Alison Saunders, the Director of Public Prosecutions at the Crown Prosecution Service said that women should not be punished if they were incapacitated due to drink or drugs or could not verbally agree to sex because of shock or fear.

"For too long society has blamed rape victims for confusing the issue of consent - by drinking or dressing provocatively for example - but it is not they who are confused, it is society itself and we must challenge that," commented Saunders at the first National Crown Prosecution Service/Police Conference on Rape Investigations and Prosecutions, which took place yesterday in London. "Consent to sexual activity is not a grey area - in law it is clearly defined and must be given fully and freely. It is not a crime to drink, but it is a crime for a rapist to target someone who is no longer capable of consenting to sex though drink."

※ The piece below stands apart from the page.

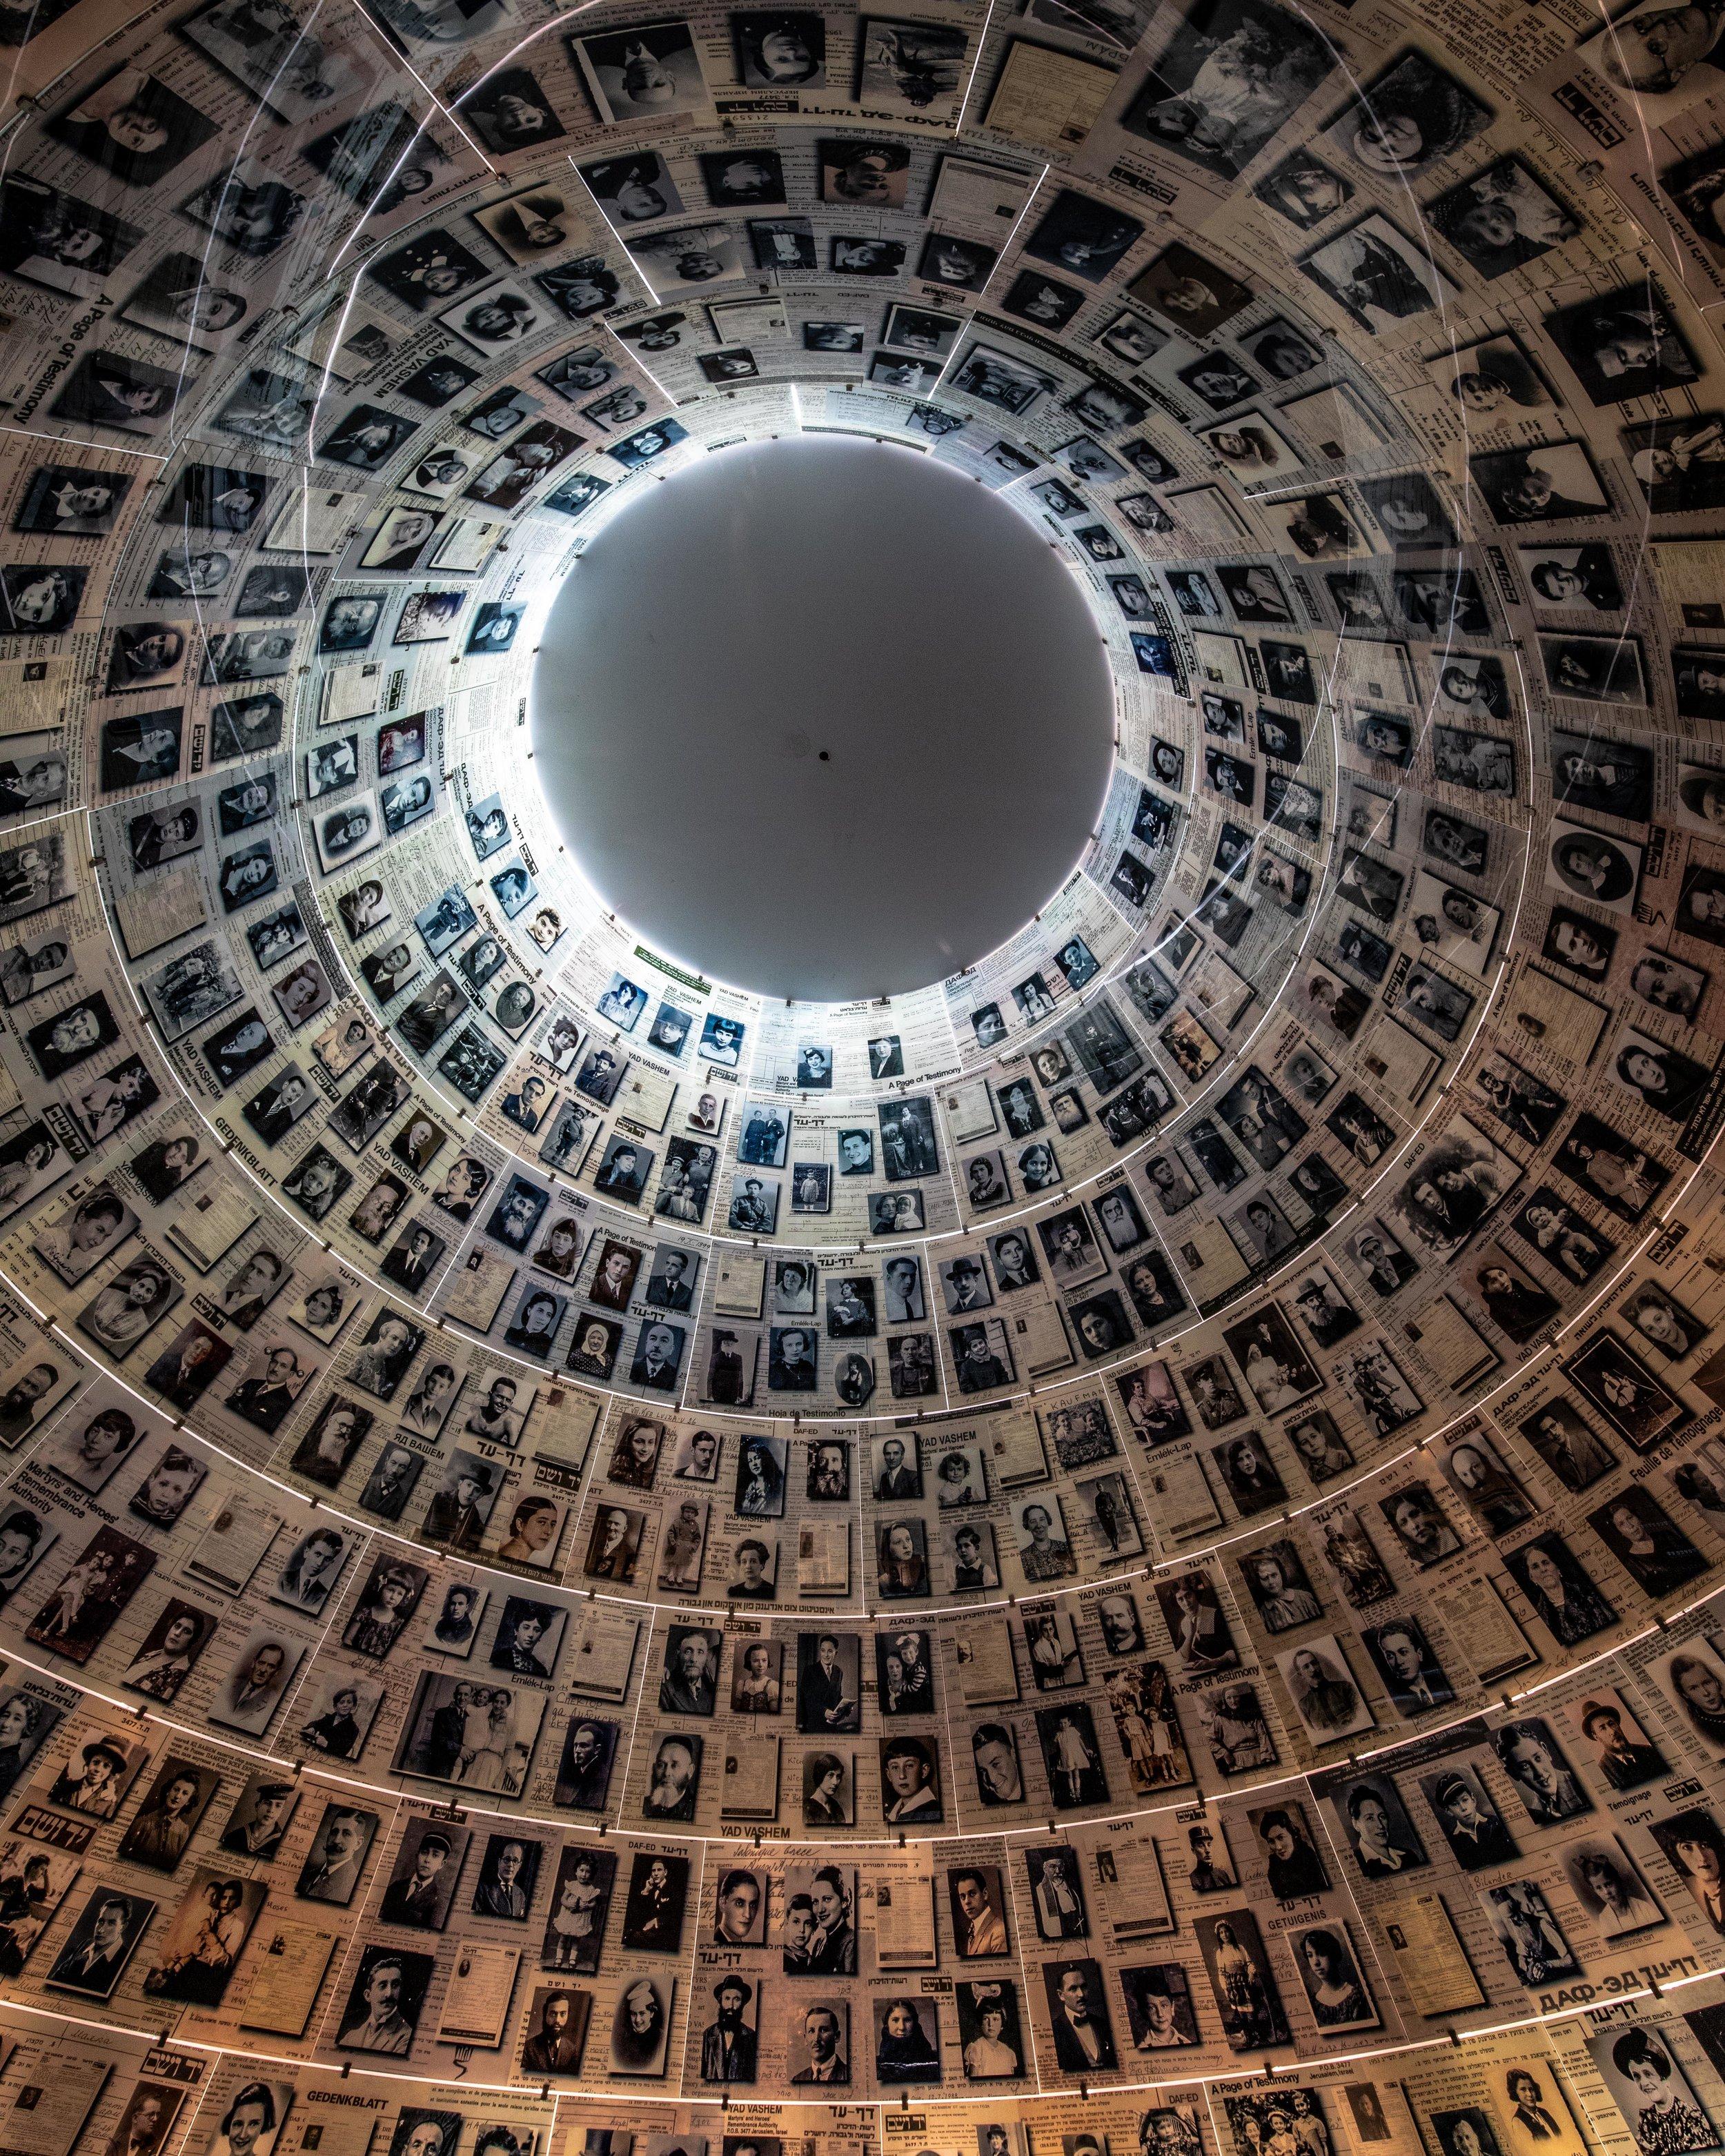 Yad Vashem - the Holocaust Museum in Jerusalem

Director of Public Prosecutions, Alison Saunders.

Director of Public Prosecutions, Alison Saunders

Rape Crisis reports that roughly 85,000 women a year are raped in England and Wales, but the latest figures show that just 5,670 attacks were reported to the police and of the 2,910 cases which went to court, only 1,070 led to a conviction.

90% of rape victims are said to know their attacker. Speaking further about the new approach which will be rolled out to police and prosecutors, Saunders added: “We want police and prosecutors to make sure they ask in every case where consent is the issue - how did the suspect know the complainant was saying yes and doing so freely and knowingly?"

The guidelines also say that the ability to consent to sex should also be questioned where the complainant has mental health problems, learning difficulties or was asleep or unconscious at the time of the alleged attack.

"These tools take us well beyond the old saying 'no means no' – it is now well established that many rape victims freeze rather than fight as a protective and coping mechanism," said Saunders.